- What you have to do:
Set down the data below word for word, and leave the images aside.

*** Exercise data ***

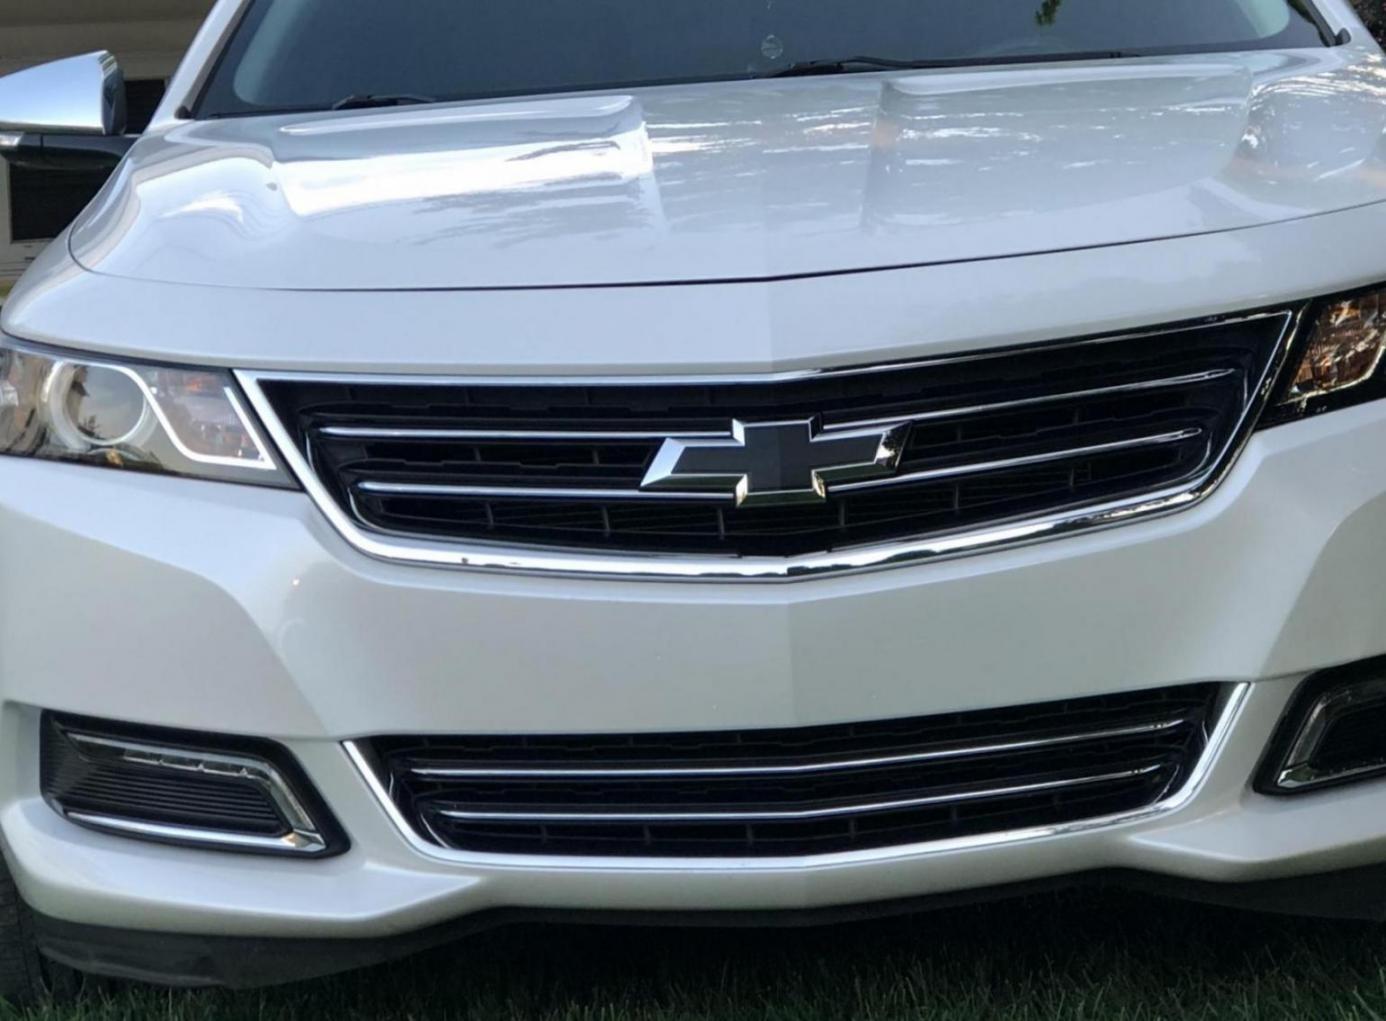 Hello Epsilon II- 2014 Impala LTZ-2336eb69-3f62-4bd1-832f-bc62d823aaae_1528043634331.jpeg
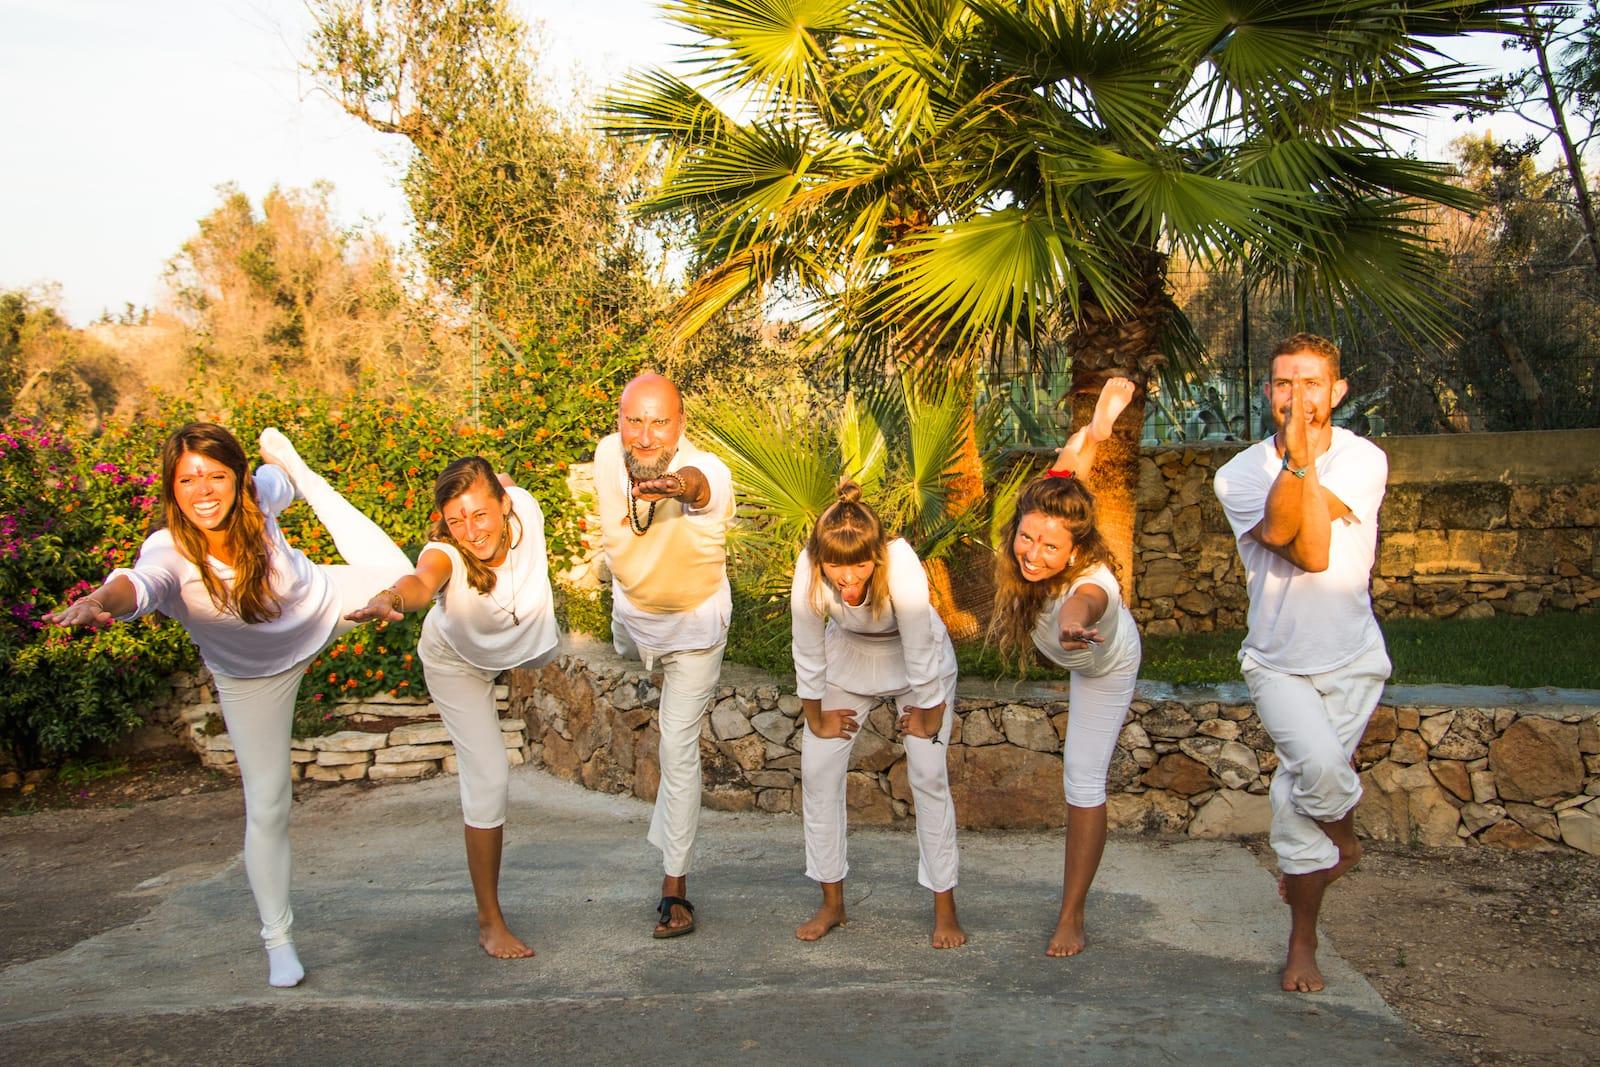 Yoga teacher training students doing various yoga asanas in a garden
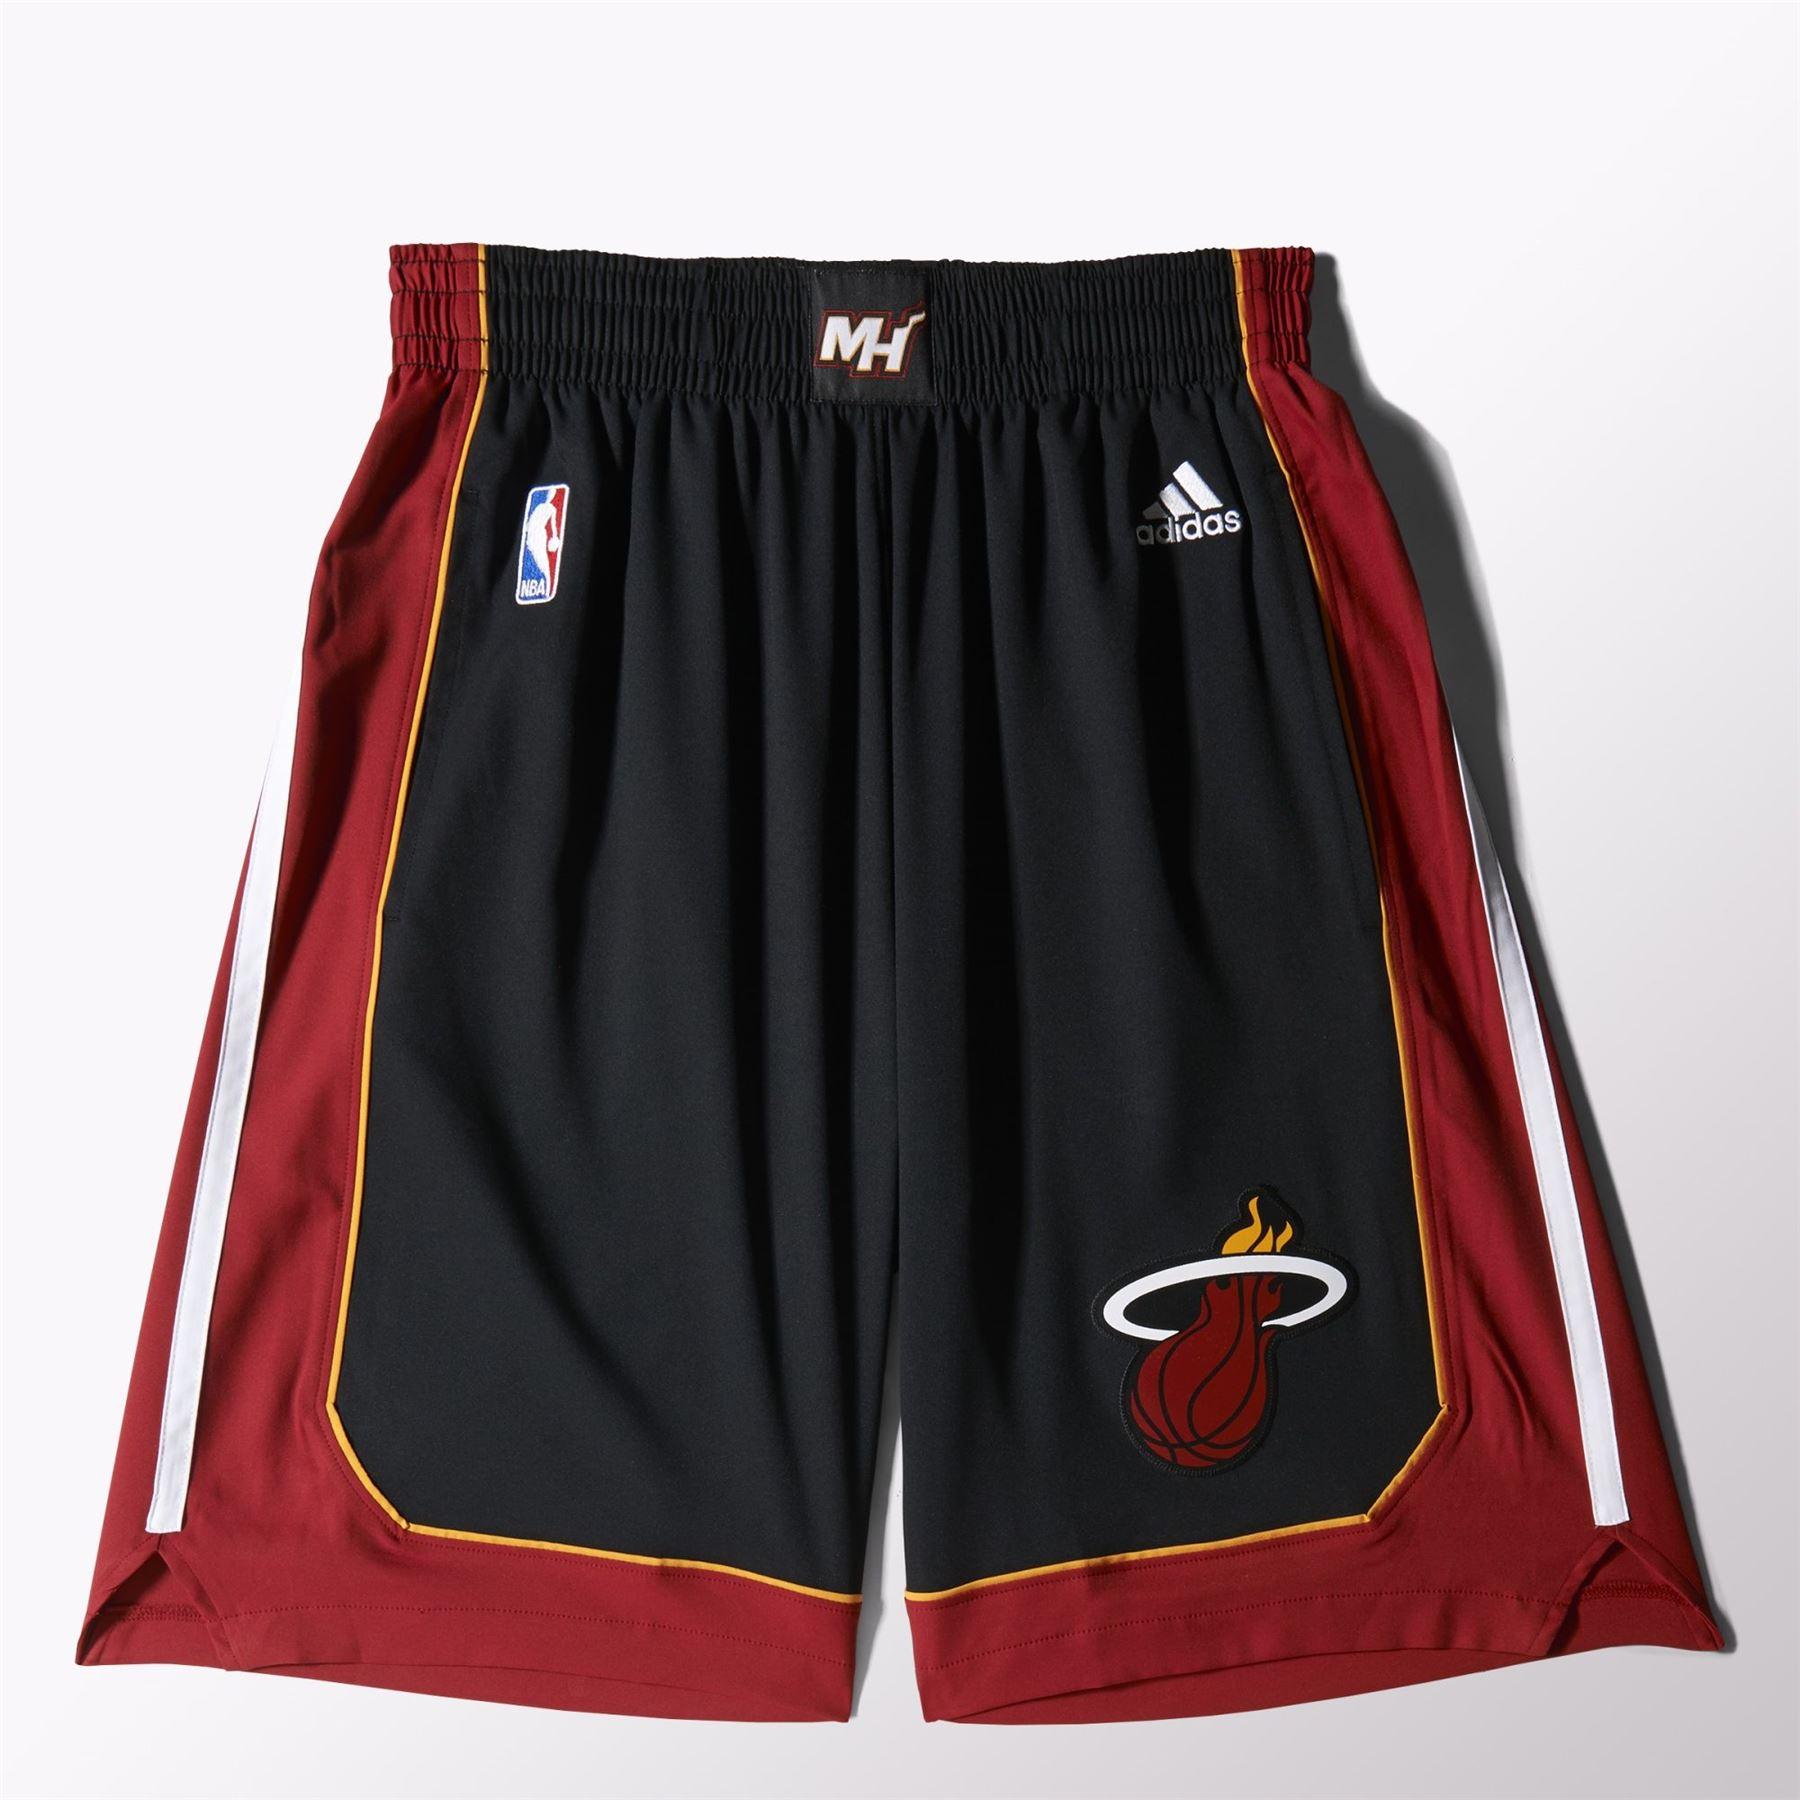 Detalles de Adidas Miami Heat International NBA 1.sports Pantalón Corto Negro Baloncesto
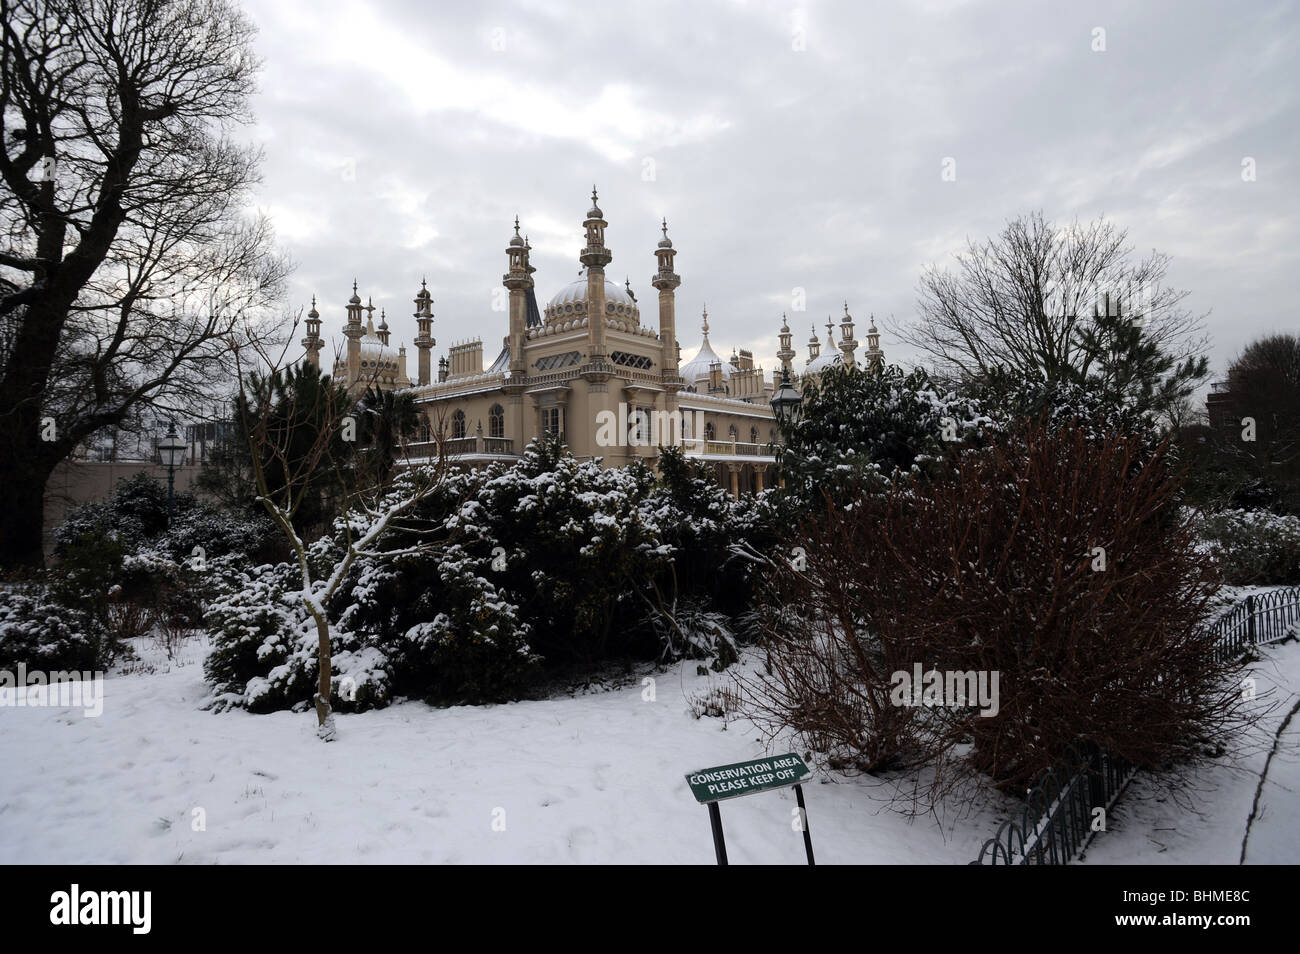 The royal pavilion brighton in the snow Stock Photo

*** End of Exercise data ***

- Solution to the exercise:
 Hello Epsilon II- 2014 Impala LTZ-2336eb69-3f62-4bd1-832f-bc62d823aaae_1528043634331.jpeg
 Yoga teacher training students doing various yoga asanas in a garden
 Detalles de Adidas Miami Heat International NBA 1.sports Pantalón Corto Negro Baloncesto
 The royal pavilion brighton in the snow Stock Photo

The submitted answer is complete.